QueryEngine & Query Loop

Architecture Overview

QueryEngine.ts is the high-level orchestrator. It wraps the core query() function from query.ts, adding session management, memory loading, tool setup, and message post-processing.

query.ts contains the inner loop: the tight cycle of building an API request, streaming the response, executing tools, and continuing until a terminal condition is reached.

mermaid

flowchart LR
    QE[QueryEngine] -->|"yield* query(params)"| QL[query loop\nquery.ts]
    QL --> BC[buildQueryConfig]
    BC --> NM[normalizeMessagesForAPI]
    NM --> AS[API Streaming\nclaudeAPI]
    AS --> TE[Tool Execution\nrunTools]
    TE -->|tool results| NM
    AS -->|no tool use| TERM[Terminal\nstop_reason=end_turn]

Query Loop State

The query loop maintains mutable state across iterations (query.ts:204-217):

typescript

type State = {
  messages: Message[]
  toolUseContext: ToolUseContext
  autoCompactTracking: AutoCompactTrackingState | undefined
  maxOutputTokensRecoveryCount: number
  hasAttemptedReactiveCompact: boolean
  maxOutputTokensOverride: number | undefined
  pendingToolUseSummary: Promise<ToolUseSummaryMessage | null> | undefined
  stopHookActive: boolean | undefined
  turnCount: number
  transition: Continue | undefined
}

The transition field records why the previous iteration continued (e.g., "tool_use", "max_output_tokens_recovery", "auto_compact"). This lets tests assert that specific recovery paths fired without inspecting message content.

QueryParams

typescript

// query.ts:181-198
export type QueryParams = {
  messages: Message[]
  systemPrompt: SystemPrompt
  userContext: { [k: string]: string }
  systemContext: { [k: string]: string }
  canUseTool: CanUseToolFn
  toolUseContext: ToolUseContext
  fallbackModel?: string
  querySource: QuerySource
  maxOutputTokensOverride?: number
  maxTurns?: number
  skipCacheWrite?: boolean
  taskBudget?: { total: number }
  deps?: QueryDeps
}

The querySource field is the "who is asking" label — it flows through to withRetry to control 529 retry behavior, analytics attribution, and Fast Mode handling.

Config Snapshot at Entry

typescript

// query.ts:295
const config = buildQueryConfig()

buildQueryConfig() snapshots all environment/statsig/session state once at loop entry. The comment explains why feature() gates are excluded from QueryConfig: the loop reads them lazily each iteration so that a flag flip mid-session takes immediate effect without restarting.

The Streaming Loop

The core inner loop invokes withRetry() which calls queryModelWithStreaming(). Each streaming chunk is yielded upstream through the AsyncGenerator chain:

withRetry<T> → yields SystemAPIErrorMessage (on retry)
             → returns T (on success)

queryModelWithStreaming → yields StreamEvent tokens
                       → returns AssistantMessage (final)

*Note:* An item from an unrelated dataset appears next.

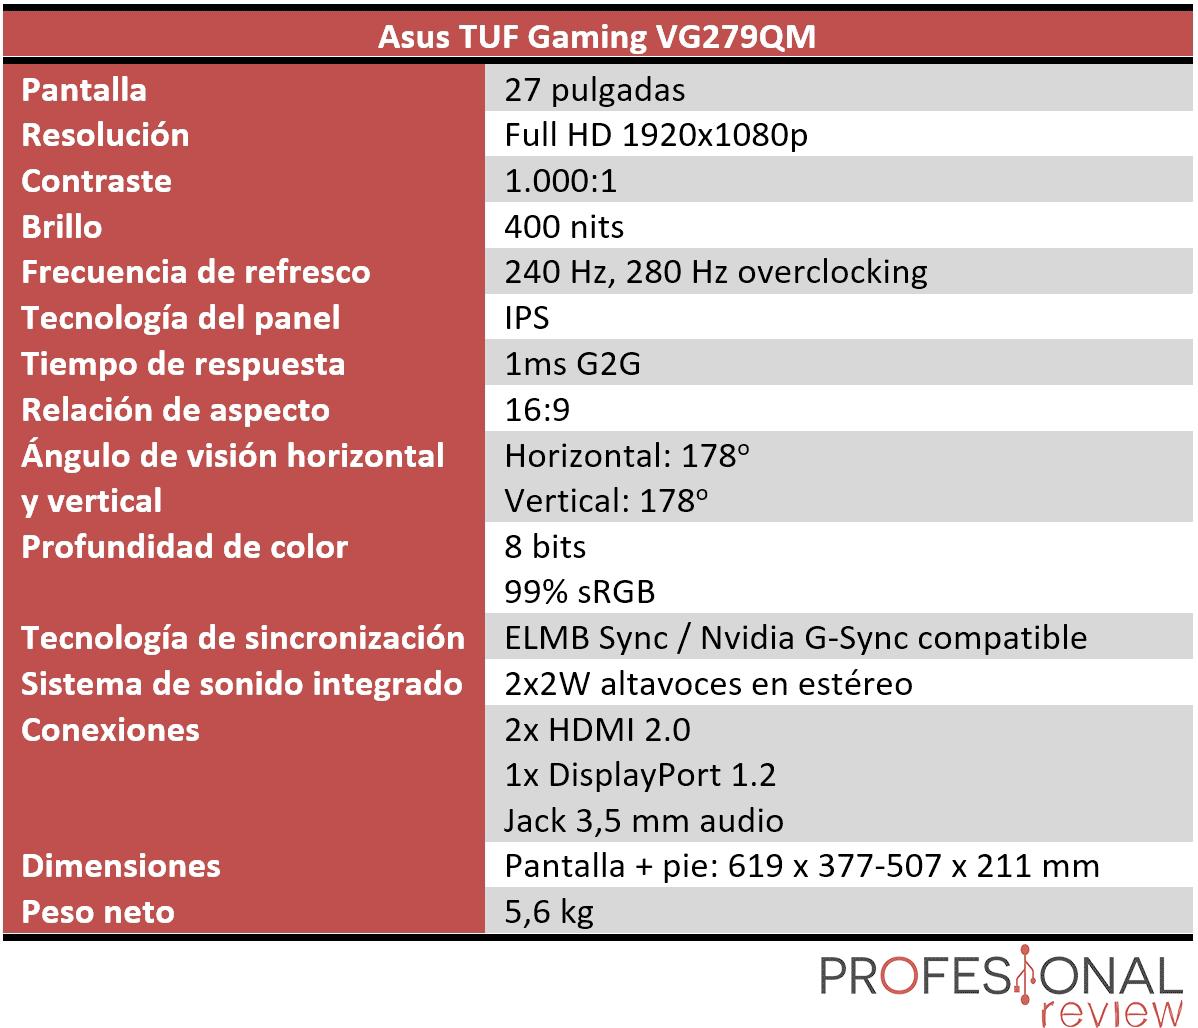 Asus TUF Gaming VG279QM características
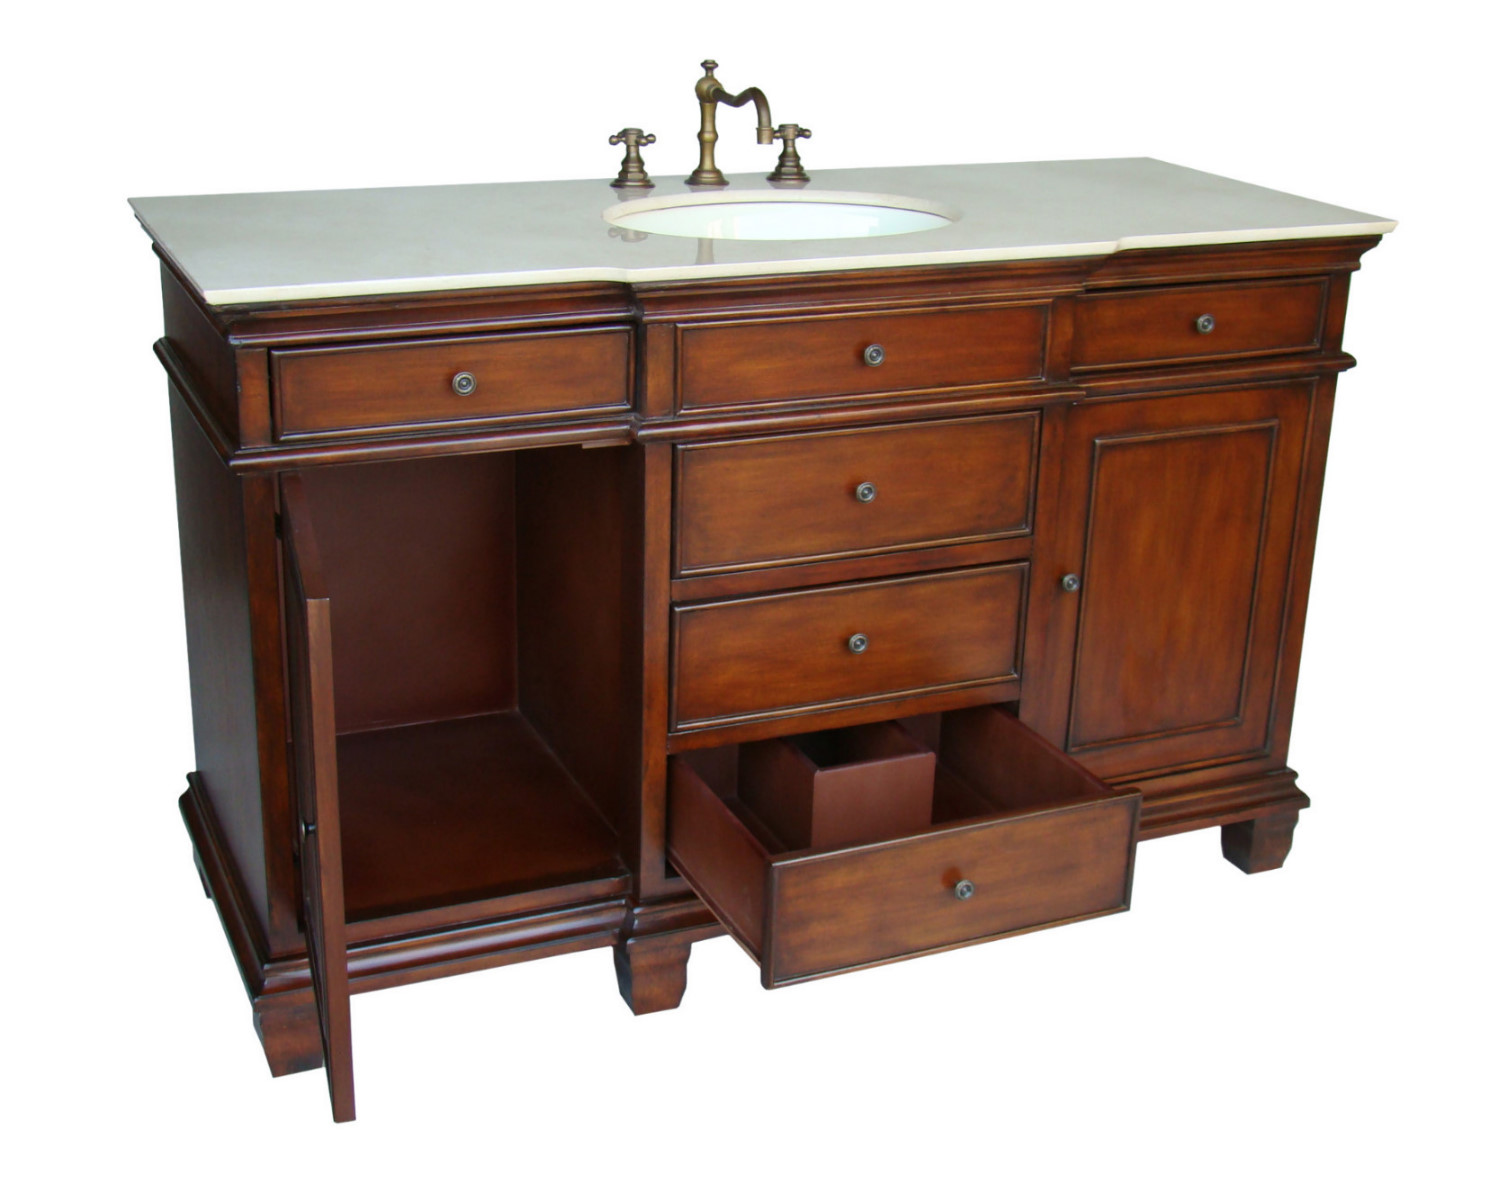 56 Inch Dunsmore Vanity Single Sink Vanity Chestnut

Tool use is handled by runTools() (from toolOrchestration.ts), which executes tool calls in parallel where possible and returns ToolResultBlockParam[] to append to the next message.

Context Compression

Context compression is one of the more sophisticated subsystems in Claude Code. It handles the fundamental constraint: every API call must fit within the model's context window.

The Threshold System

autoCompact.ts defines a layered threshold system (lines 62-65):

typescript

export const AUTOCOMPACT_BUFFER_TOKENS = 13_000
export const WARNING_THRESHOLD_BUFFER_TOKENS = 20_000
export const ERROR_THRESHOLD_BUFFER_TOKENS = 20_000
export const MANUAL_COMPACT_BUFFER_TOKENS = 3_000

Starting from the effective context window (model max minus 20K for output), these thresholds trigger progressively more urgent actions:

Effective Context Window
│
├─ effectiveWindow - 20K  ← Warning threshold
├─ effectiveWindow - 20K  ← Error threshold (same, two separate signals)
├─ effectiveWindow - 13K  ← Auto-compact threshold (triggers compression)
└─ effectiveWindow - 3K   ← Blocking limit (user cannot continue)

Session Memory Compaction Priority

Before running a full conversation compaction, autoCompactIfNeeded() (line 241) tries a lighter-weight option first:

typescript

// autoCompact.ts:287-309
const sessionMemoryResult = await trySessionMemoryCompaction(
  messages,
  toolUseContext.agentId,
  recompactionInfo.autoCompactThreshold,
)
if (sessionMemoryResult) {
  // Session memory compaction succeeded — skip full compact
  return { wasCompacted: true, compactionResult: sessionMemoryResult }
}

Session Memory Compaction prunes old messages by updating a persistent "memory" file outside the conversation, preserving recent context. This is faster and cheaper than summarizing the entire conversation.

Circuit Breaker

The circuit breaker (line 258-265) prevents hammering the API with doomed compaction attempts:

typescript

const MAX_CONSECUTIVE_AUTOCOMPACT_FAILURES = 3

if (
  tracking?.consecutiveFailures !== undefined &&
  tracking.consecutiveFailures >= MAX_CONSECUTIVE_AUTOCOMPACT_FAILURES
) {
  return { wasCompacted: false }
}

The comment explains the motivation: before this fix, sessions where context was irrecoverably over the limit were making ~250,000 wasted API calls per day globally.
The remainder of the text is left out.